File size: 2,847 Bytes

330205e

---
inference: false
language:
- en
- zh
license:
- cc-by-sa-3.0
- gfdl
library_name: txtai
tags:
- sentence-similarity
---

# Medical txtai embeddings index

This is a [txtai](https://github.com/neuml/txtai) embeddings index specifically designed for medical texts, encompassing a diverse corpus in both English and Chinese.
The model is primed for integration into medical information systems, aiding in the quick retrieval of relevant clinical information.

### Data Sources

The model is trained on a substantial dataset, including 434411 entries from a bilingual (English and Chinese) corpus of clinical texts.

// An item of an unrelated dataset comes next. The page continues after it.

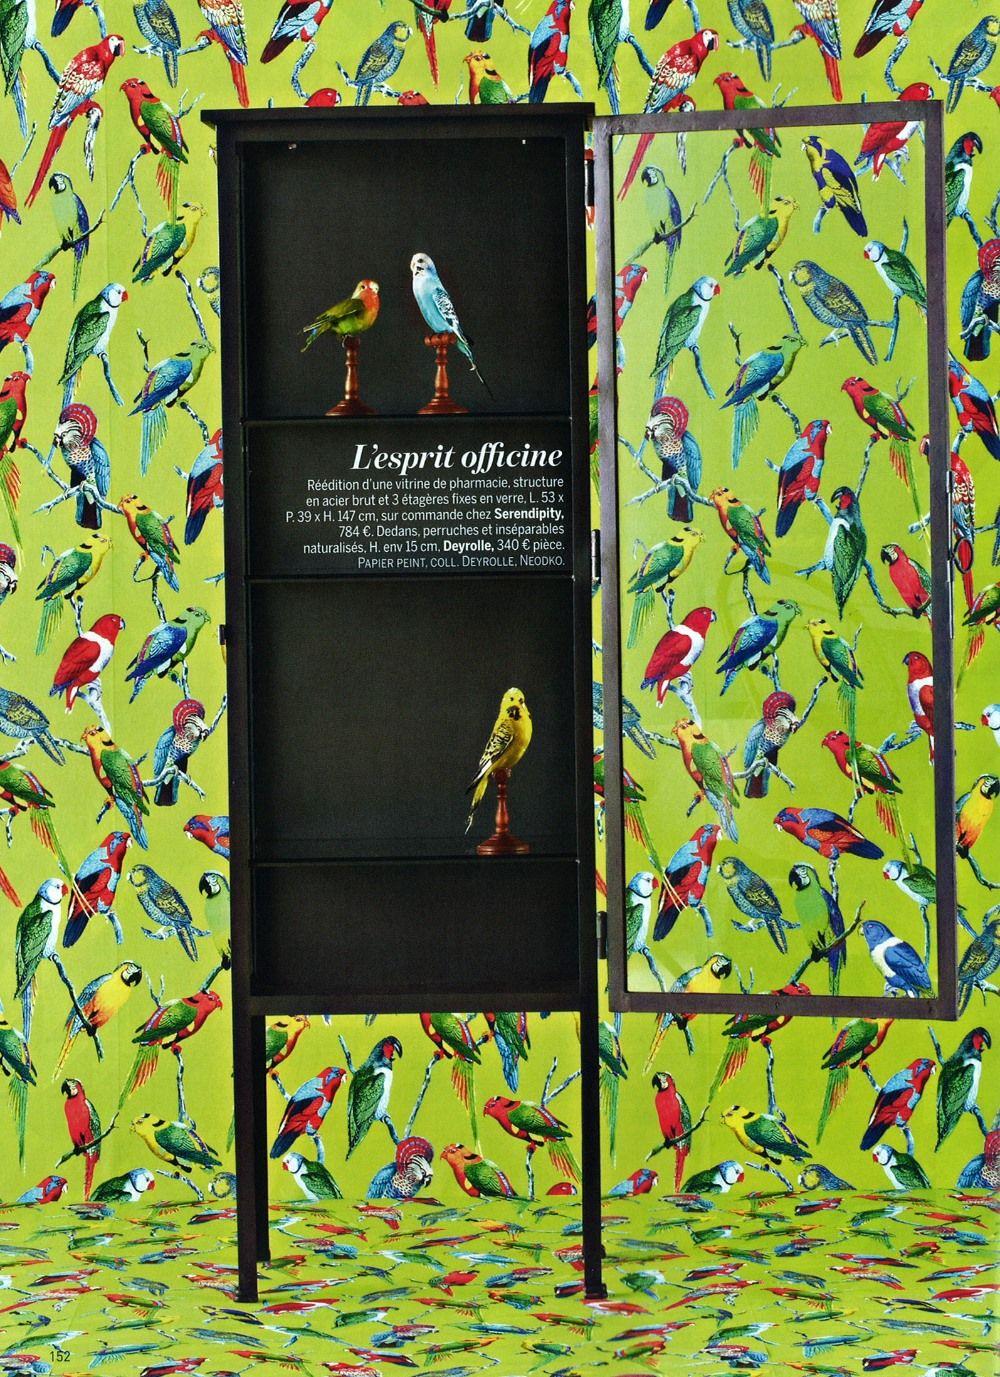 Papier Peint Avec Perroquet papier peint perroquets édité par deyrolle : https://www
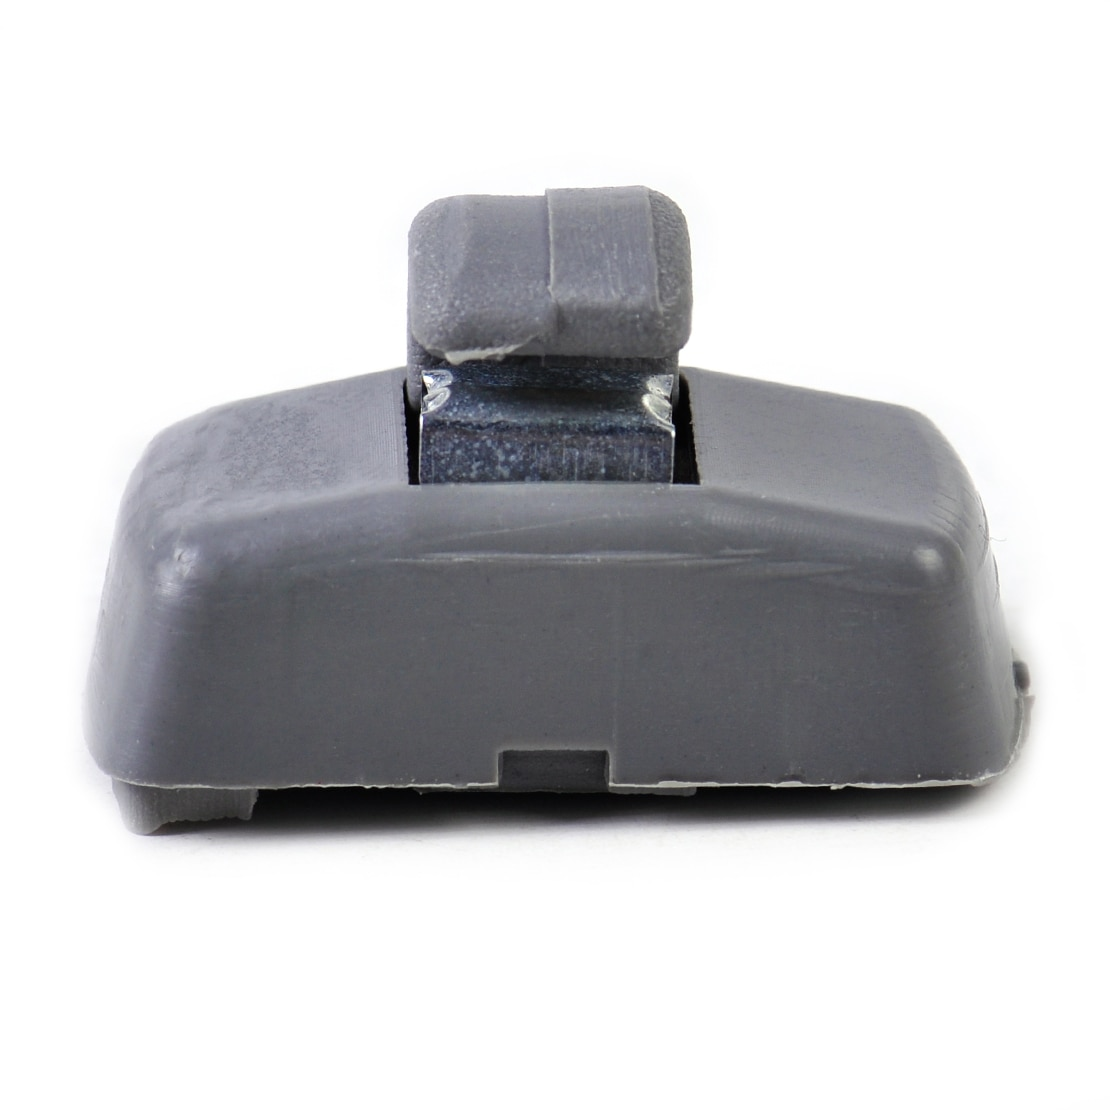 Cigall 3B0857561B 3B0857561BY20 gancho de la visera gris gancho de Clip para VW Golf GTI Jetta Mk4 Passat B5 B6 asiento de Polo Touran

The sources are:

- `shibing624/medical`, a dataset featuring a variety of medical scenarios and questions in both English and Chinese, suitable for text generation and medical question-answering systems. It's licensed under Apache 2.0.
- `keivalya/MedQuad-MedicalQnADataset`, offering detailed insights into various health conditions and their treatments, covering prevention, diagnosis, treatment, and susceptibility.
- `GBaker/MedQA-USMLE-4-options`, a collection of multiple-choice questions based on the USMLE, focusing on a wide range of medical topics and scenarios.
- `medalpaca/medical_meadow_medqa`, a dataset for question answering in English and Chinese, encompassing clinical scenarios and medical queries with multiple-choice answers.
- `medalpaca/medical_meadow_medical_flashcards`, featuring over 34,000 rows of question and answer pairs derived from medical flashcards, focusing on a wide range of medical subjects.

Each of these datasets contributes to the depth and diversity of the medical knowledge encapsulated in the txtai embeddings model, making it an effective tool for medical information retrieval and analysis.

## Indexing

The txtai embeddings model utilizes 'efederici/multilingual-e5-small-4096', a transformer-based model with 12 layers and an embedding size of 384, supporting 94 languages. 

### Configuration

The embedding model is quantized to 4 bits for size efficiency and supports batch encoding of 15 for optimized performance. 
The indexing is implemented using simple numpy cosine similarity, ensuring straightforward and efficient retrieval.

## Usage

1. Load the dataset using the provided JSON file.
2. Initialize and load the embeddings using txtai:
   ```python
   from txtai import Embeddings
   embeddings = Embeddings()
   embeddings.load('index.tar.gz')
   ```

## Next Steps
1. More detailed usage, including using txtai to create inter-operability between English and Chinese
2. Create an usecase with [CrewAI](https://github.com/joaomdmoura/crewAI) and [Dr.Samantha](https://huggingface.co/sethuiyer/Dr_Samantha_7b_mistral)

## License

This model is available under the Creative Commons Attribution-ShareAlike 3.0 Unported License and the GNU Free Documentation License.